55 Cancri 5 planets & 2 NEW planets
Posted: 19.03.2008, 15:48
by symaski62
Posted: 19.03.2008, 18:59
by Hungry4info
Using the same Titus-Bode relation that they used for 55 Cancri, Chaos Syndrome at Extrasolar Visions (Ajtribeck here?) got results for other solar systems.
http://www.extrasolar.net/forums/viewtopic.php?t=1759
Posted: 19.03.2008, 19:53
by ajtribick
...on the other hand, there is no guarantee that planets predicted by the Titius-Bode "law" exist... e.g. in our solar system, one of the "slots" is occupied by the asteroid belt. Furthermore, it does not predict which "slot" corresponds to the outermost planet.
The interesting question is why such "laws" exist - particularly in situations where planetary migration is thought to have occurred.
Posted: 19.03.2008, 21:01
by Hungry4info
ajtribick wrote:The interesting question is why such "laws" exist - particularly in situations where planetary migration is thought to have occurred.
I, too, have pondered this. Let us not forget planetary ejections. I can't think of any reason why the TB relation should work.
Posted: 19.03.2008, 22:50
by bdm
It is an exponential relationship among the orbits.

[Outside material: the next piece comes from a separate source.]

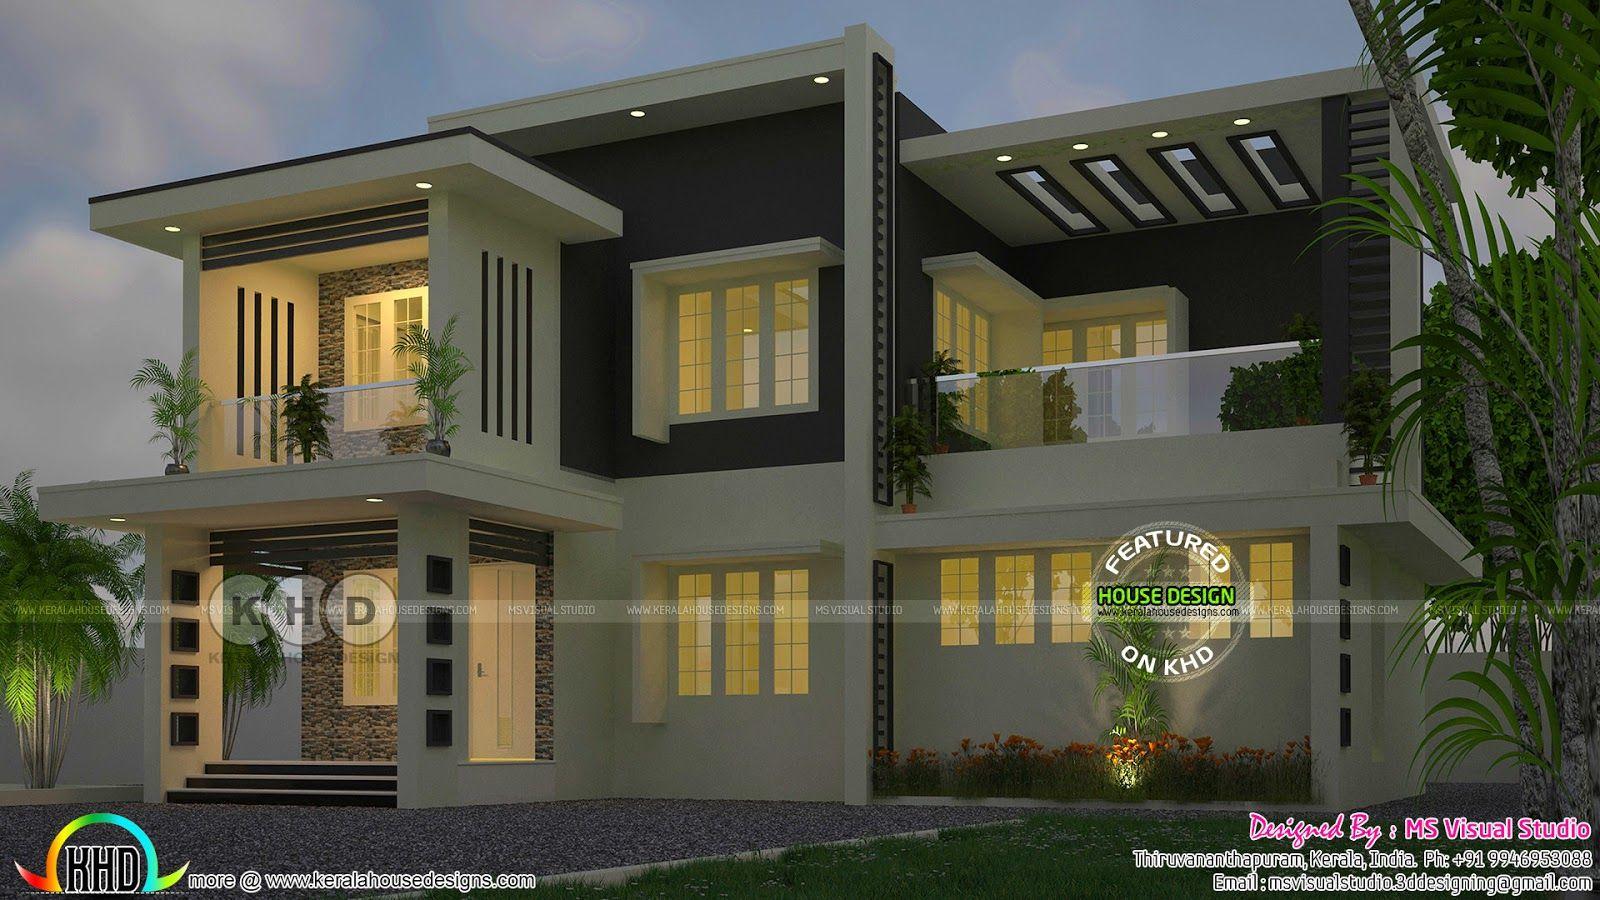 D'life home interiors - kottayam kottayam kerala contemporaryhomeoctg   house design

Consider the large moons of Jupiter. Io has an average period 1/2 that of Europa, Europa's period is half that of Ganymede, and Ganymede's is about 3/7 that of Callisto. A good fit to the ratios is 3:6:12:28. Or, as logs:
0.477, 0.778, 1.079, 1.447.
So the periods of the first three moons of Jupiter as a logarithm differ by the logarithm of 2 (0.301). Ganymede to Callisto does not fit the pattern, but the 7/3 ratio is close enough to 2 (2+1/3) that the logarithm is also close to 0.301 (0.368).
Time for a thought experiment.
Consider a pair of bodies of similar mass, A and B with A orbiting faster and both orbiting close to a parent body. If their orbital periods differ by a constant K, the orbits tend to settle down into a stable resonance if K is roughly the same as the period of the faster body, A (in other words, the periods are roughly A=K, and B=2K). When the planets pass each other, they do not spend much time close together so they do not perturb each other much. I won't explain why it happens, just that it does.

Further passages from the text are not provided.